» Assigned task
Can you print the data exactly and leave out each image?

» Information shown
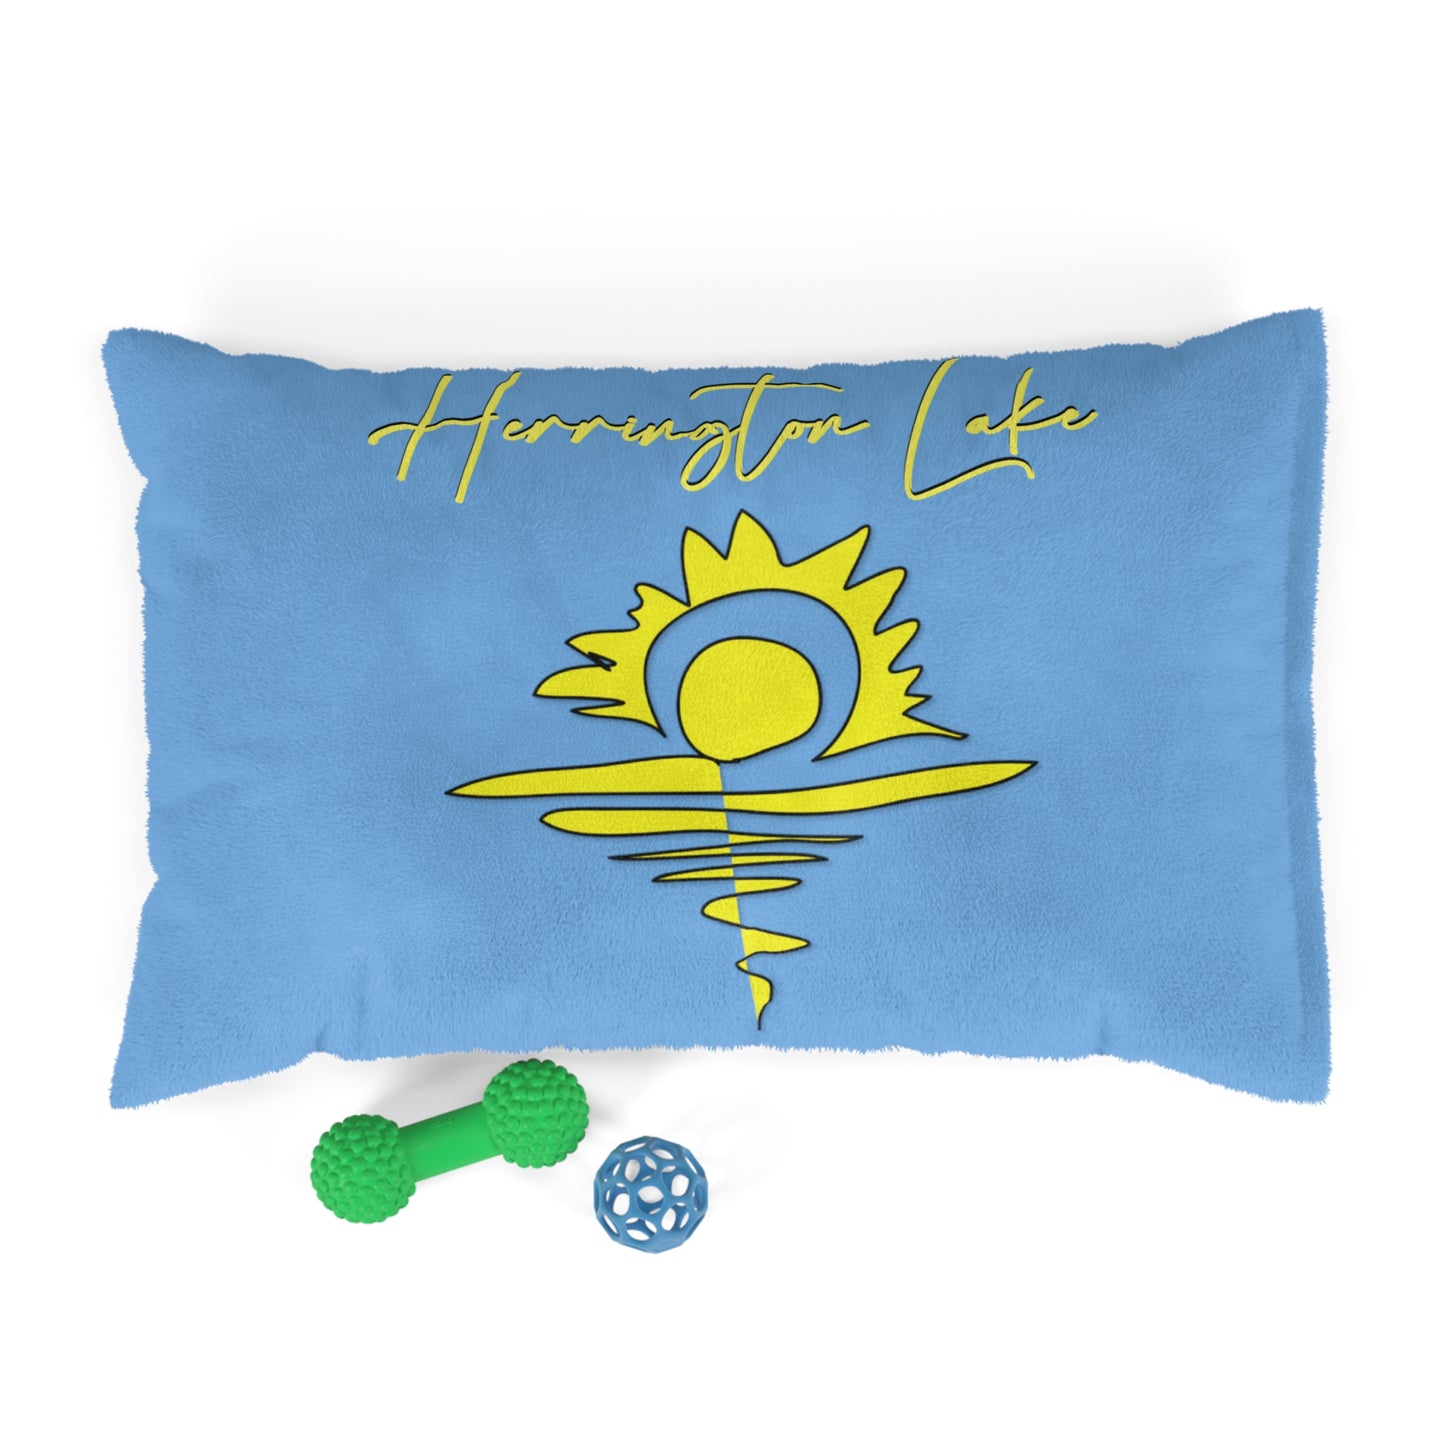 Herrington Lake Sunny Day Pet Bed, Light Blue
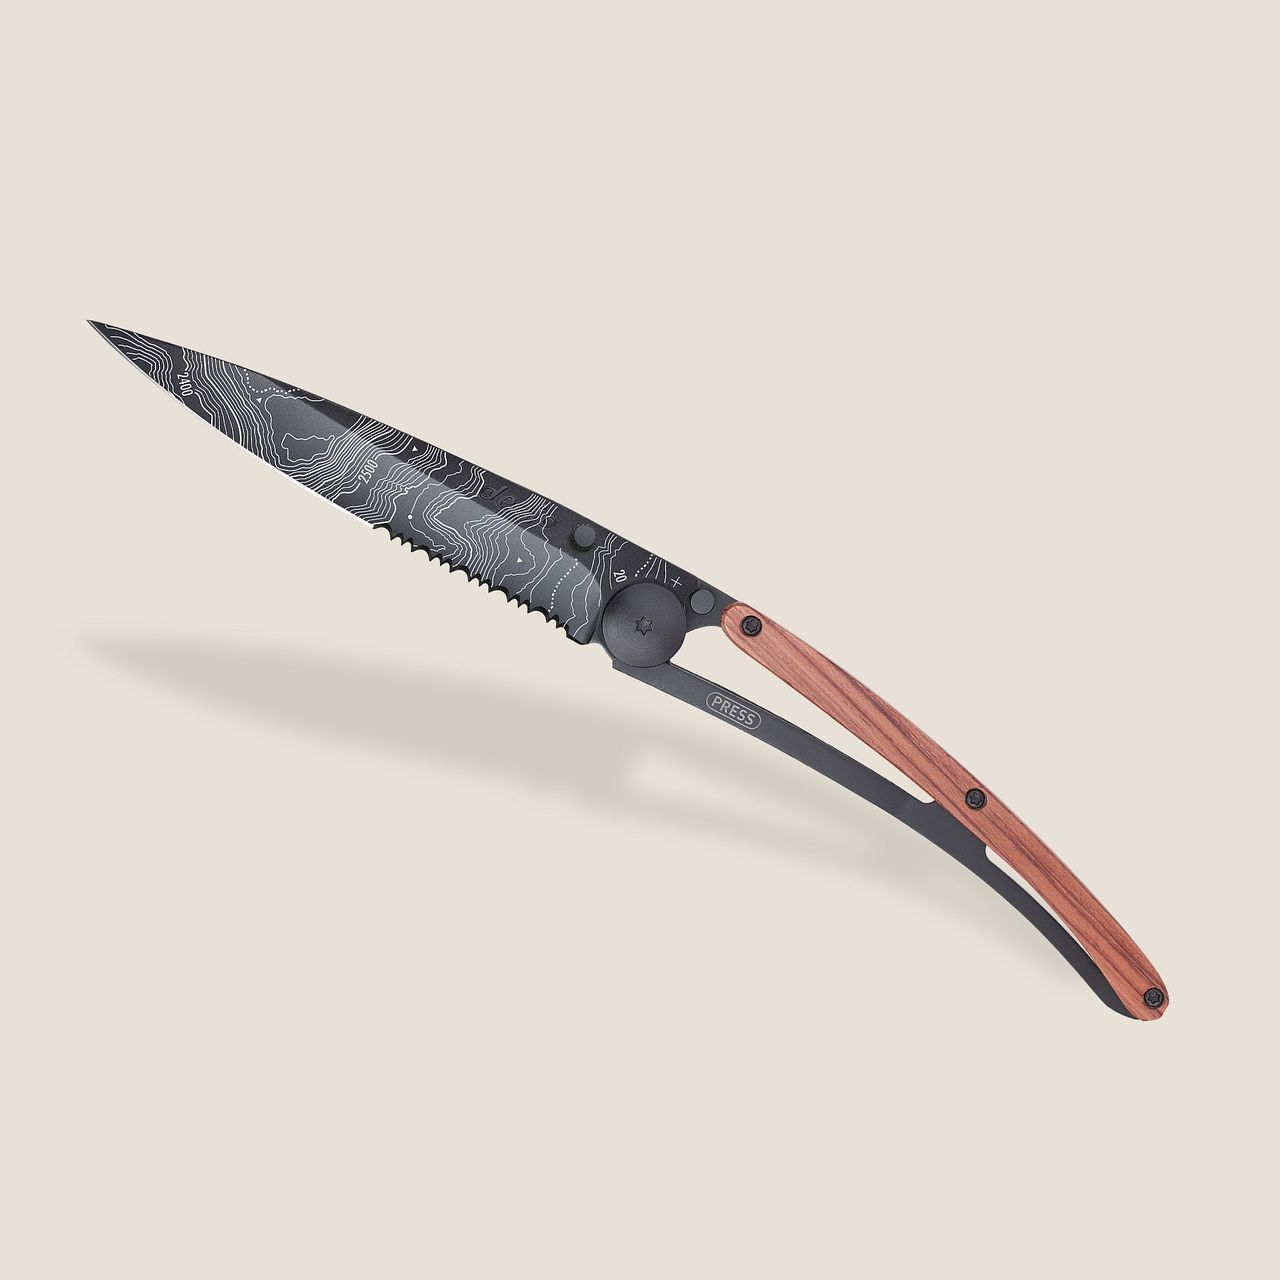 Deejo Serrated 37G Coral Wood / Topography Pocket Knife
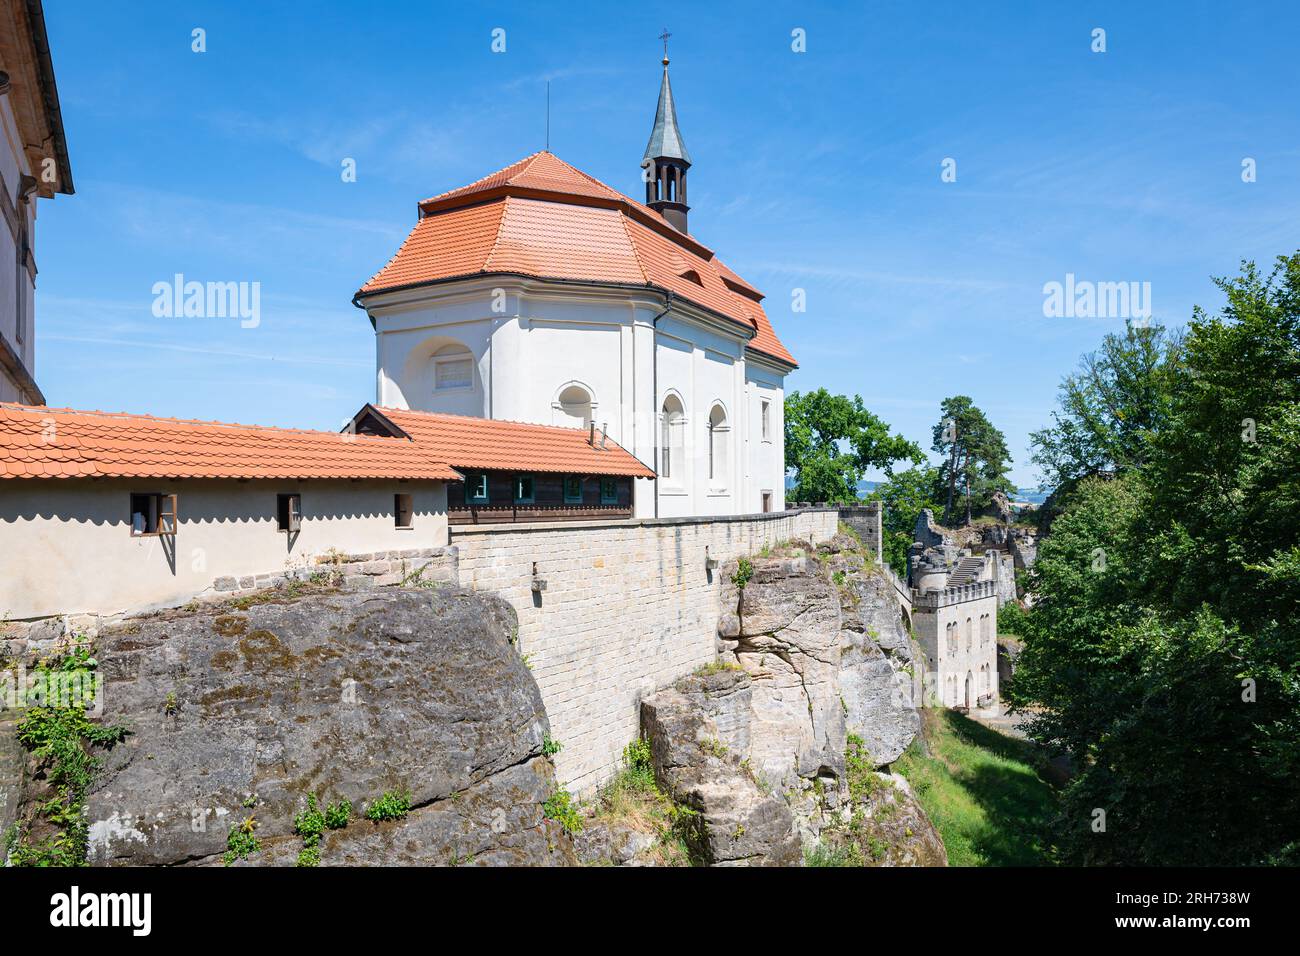 Church in the courtyard of Valdštejn Castle near the town of Turnov, Czechia Stock Photo

» Output for this exercise
 Herrington Lake Sunny Day Pet Bed, Light Blue
 Deejo Serrated 37G Coral Wood / Topography Pocket Knife
 Church in the courtyard of Valdštejn Castle near the town of Turnov, Czechia Stock Photo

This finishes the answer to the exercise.